On this day in 1882, Giuseppe Garibaldi died after a lifetime fighting for a united Italy. He combined his patriotism with a proud internationalism — and a thirst for freedom that inspired working-class struggles throughout the twentieth century.

Giuseppe Garibaldi poses for a portrait in 1867. (Wikimedia Commons)

June 2 marks the anniversary of the Italian Republic. That day in 1946, a year after the overthrow of Benito Mussolini’s Fascist regime, an institutional referendum was held together with the vote for the Constituent Assembly. It was also the first time that women voted in a national election, as Paola Cortellesi’s recent film C’è ancora domani reminded us. Most Italians voted for the republic, leading to King Umberto II’s exile to Portugal, then ruled by dictator António de Oliveira Salazar. For the first time since national unification, Italy became a republic.

But June 2 is also another anniversary in Italian history: it is the day on which Giuseppe Garibaldi died, in 1882. He had ardently dreamt of this republic, but in vain, in his later years having to settle for Italian unification under the monarchy.

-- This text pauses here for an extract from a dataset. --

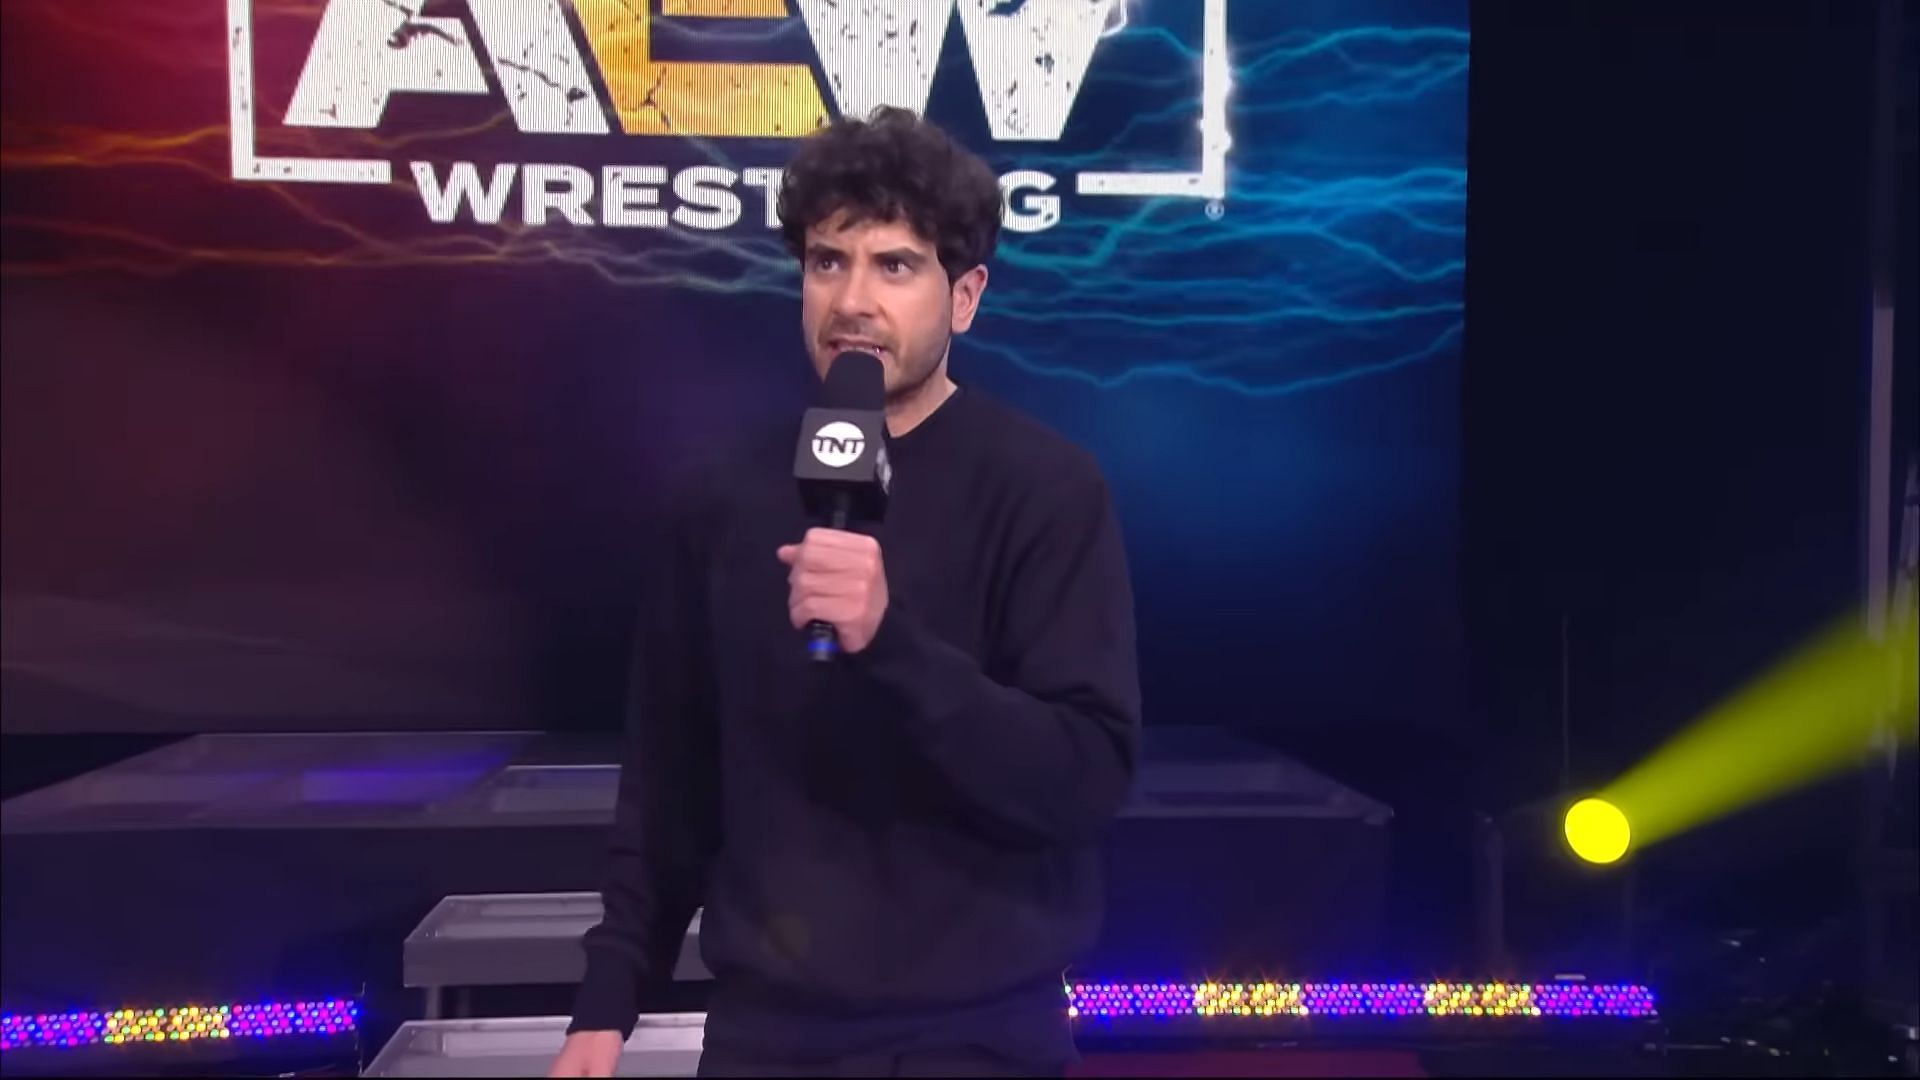 Tony Khan is the CEO of All Elite Wrestling

Almost 150 years later, the name “Garibaldi” is still familiar to millions. His name pops up across Italy: there is no city that does not have at least one street dedicated to him, in addition to several hundred statues throughout the country. But it’s not just in Italy: squares, streets, statues, stations, and plaques dedicated to him can be found in countless cities all over the world, from Montevideo to Taganrog, from New York to Havana. Cuba has even dedicated a commemorative coin to Garibaldi, el héroe de dos mundos.

But who was Giuseppe Garibaldi, really? Here, things get more difficult. Few today would know much beyond the bland definition of Garibaldi as a key figure in Italian unification. As US sociologist and scholar of collective memory Jeffrey K. Olick recently said, half jokingly, the best way to forget someone or something is to turn them into a monument.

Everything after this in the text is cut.